Reputation: 551
I'm generating coordinates of a bi-cone model in spherical coordinates. I'm using a series of nested for loops, as show here:
theta_in = 30.0 * np.pi/180.0
theta_out = 60.0 * np.pi/180.0
phi = 2*np.pi # rotation
R = 1.0
sampling = 100
theta = np.linspace(theta_in,theta_out,sampling)

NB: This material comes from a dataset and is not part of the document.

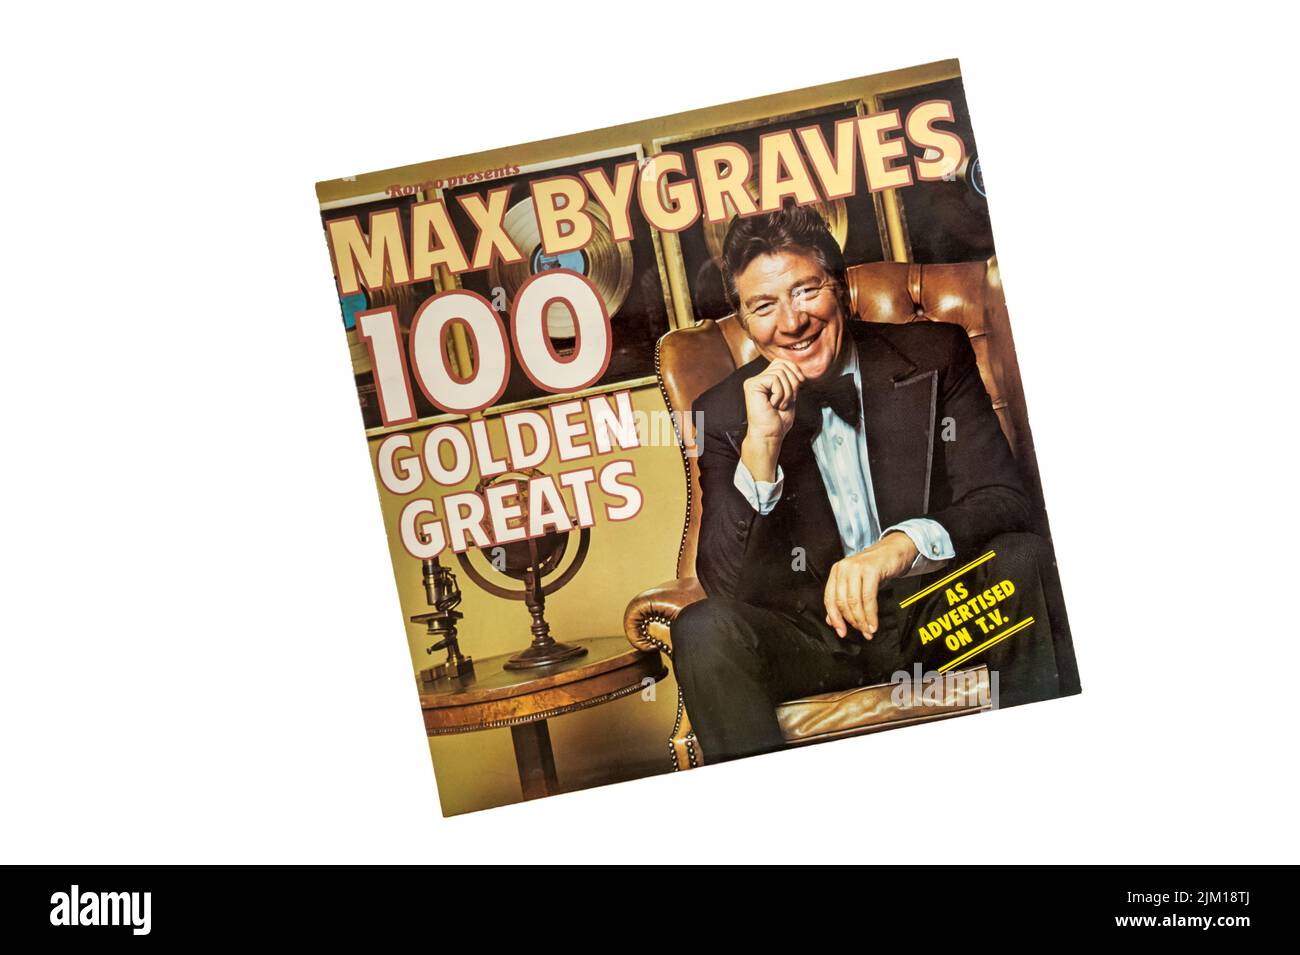 Max Bygraves 100 Golden Greats rilasciato da Ronco nel 1976. Foto Stock
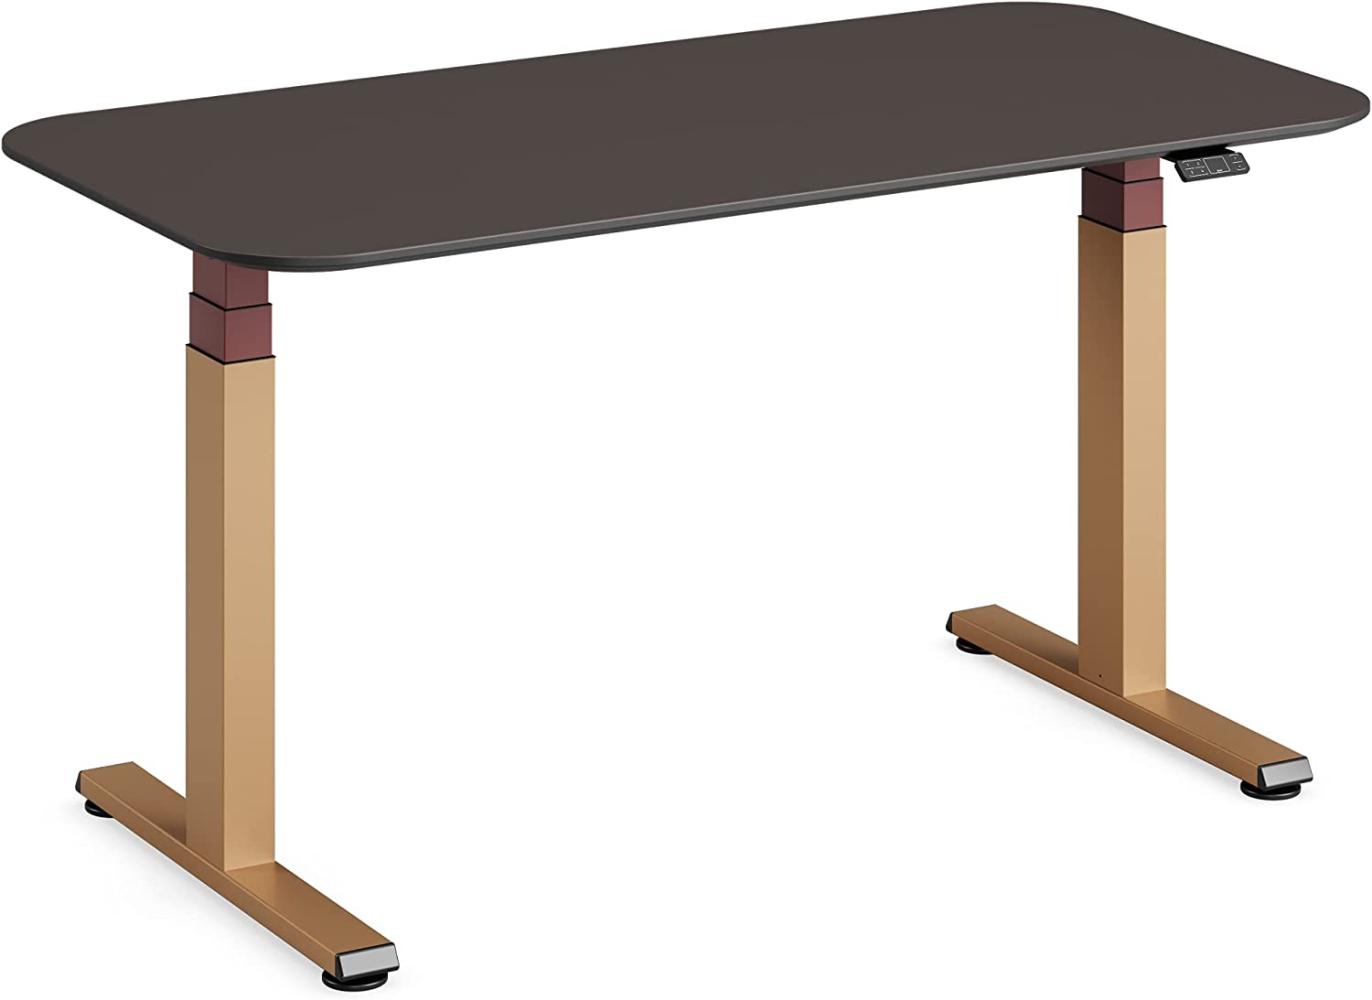 Steelcase Solo höhenverstellbarer Sitz-Steh-Schreibtisch mit Tischplatte aus Linoleum in Mauve und Gestell in Messing Matt mit der Akzentfarbe Merlot (140 x 70 cm) Bild 1

phi = np.linspace(0,phi,sampling)
r = np.linspace(-R,R,sampling)
x = []
y = []
z = []
for ri in r:
for pi in phi:
for ti in theta:
xi = ri*np.cos(pi)*np.sin(ti)
yi = ri*np.sin(pi)*np.sin(ti)
zi = ri*np.cos(ti)
x.append(xi)
y.append(yi)
z.append(zi)
This generates the following desired output:
The use of these nested for loops to generate coordinate lists is not very efficient. My question is: what would be the most efficient way to do this while possibly avoiding the use of nested for loops?
Upvotes: 2
Views: 87
Reputation: 16
theta_in = 30.0 * np.pi/180.0
theta_out = 60.0 * np.pi/180.0
phi = 2*np.pi # rotation
R = 1.0
sampling = 100
theta = np.linspace(theta_in,theta_out,sampling)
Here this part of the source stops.